Montherlant ne vint que tardivement au théâtre représenté, mais on ne peut pas pour lui, comme pour Giraudoux, parler de la vocation tardive d’un romancier. En effet, Montherlant a constamment été sollicité par le théâtre; sa première œuvre, l’Exil (1929), fait déjà apparaître quelques thèmes essentiels : incommunicabilité; amitié virile; tentation de l’héroïsme et de l’esthétisme.

 

« Pour moi, il n’y a qu’une seule forme de théâtre digne de ce nom, le théâtre psychologique »

 

Passionné par l’expression dramatique, Montherlant n’est pourtant pas un homme de scène, et il aurait pu dire de presque toutes ses pièces ce qu’il disait de la Ville dont le prince est un enfant : « Il n’est pas dans les intentions présentes de l’auteur que cette pièce soit représentée ». Il affecte une certaine indifférence pour la mise en espace de ses œuvres : « Je m’en remets au metteur en scène pour les places et les mouvements (je serais incapable de les indiquer, et je ne me préoccupe pas de l’agencement scénique tandis que j’écris) ». Point d’aboutissement de cette tendance, la Guerre civile (1965) cache au spectateur son prologue et son épilogue, qui se déroulent rideau baissé.

 

C’est que, de son propre aveu, Montherlant se situe non sur le plan de la théâtralité, mais sur celui de la morale. Sans chercher à « construire mécaniquement une intrigue », il opte résolument pour un « théâtre tout intérieur », qui, « débarrassé de la mécanique foraine », serait « un prétexte à l’exploration de l’homme ».

 

Montherlant se réclame donc clairement de la tradition classique, cherchant à « exprimer avec le maximum de vérité, d’intensité et de profondeur un certain nombre de mouvements de l’âme humaine ». L’influence de Corneille (le thème de la Grâce permet de rapprocher Polyeucte et le Maître de Santiago} et même celle de Molière (les apparitions grotesques de Péréfixe dans Port-Royal et, bien sûr, l’inévitable comparaison entre Dom Juan et la Mort qui fait le trottoir) sont parfois sensibles. Mais c’est Racine qui est son maître.
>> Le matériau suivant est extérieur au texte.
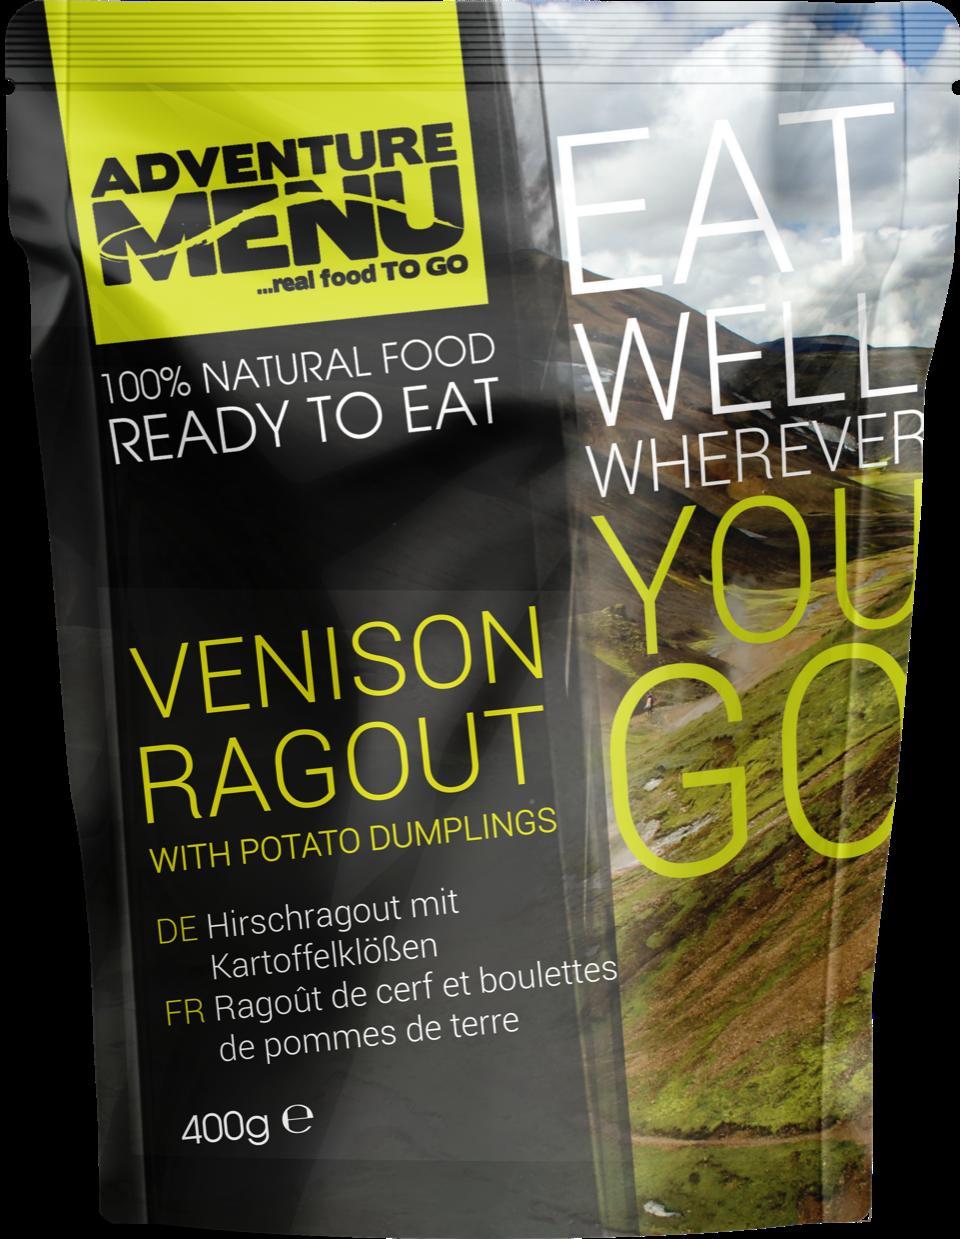 Venison-ragout-with-potato-dumplings - camping food camping meals

Par-delà sa constante référence au théâtre grec, et notamment à Sophocle et à Euripide, Montherlant sait faire « un monde avec rien » (Marcel Jouhandeau) et puise chez Racine nombre de thèmes et de structures : reprise du thème de Phèdre dans Pasiphaé; reproduction, dans Celles qu'on prend dans ses bras, d’une chaîne d’amour infernale; relations explicites entre certaines scènes de la Ville... et Andromaque. Ainsi s’expliquent les exigences dramatiques de Montherlant : unité et simplicité de l’action, rigueur de la construction et aussi, dans ce théâtre du discours, goût des créations verbales.

 

montherlant

« ·---·---·· .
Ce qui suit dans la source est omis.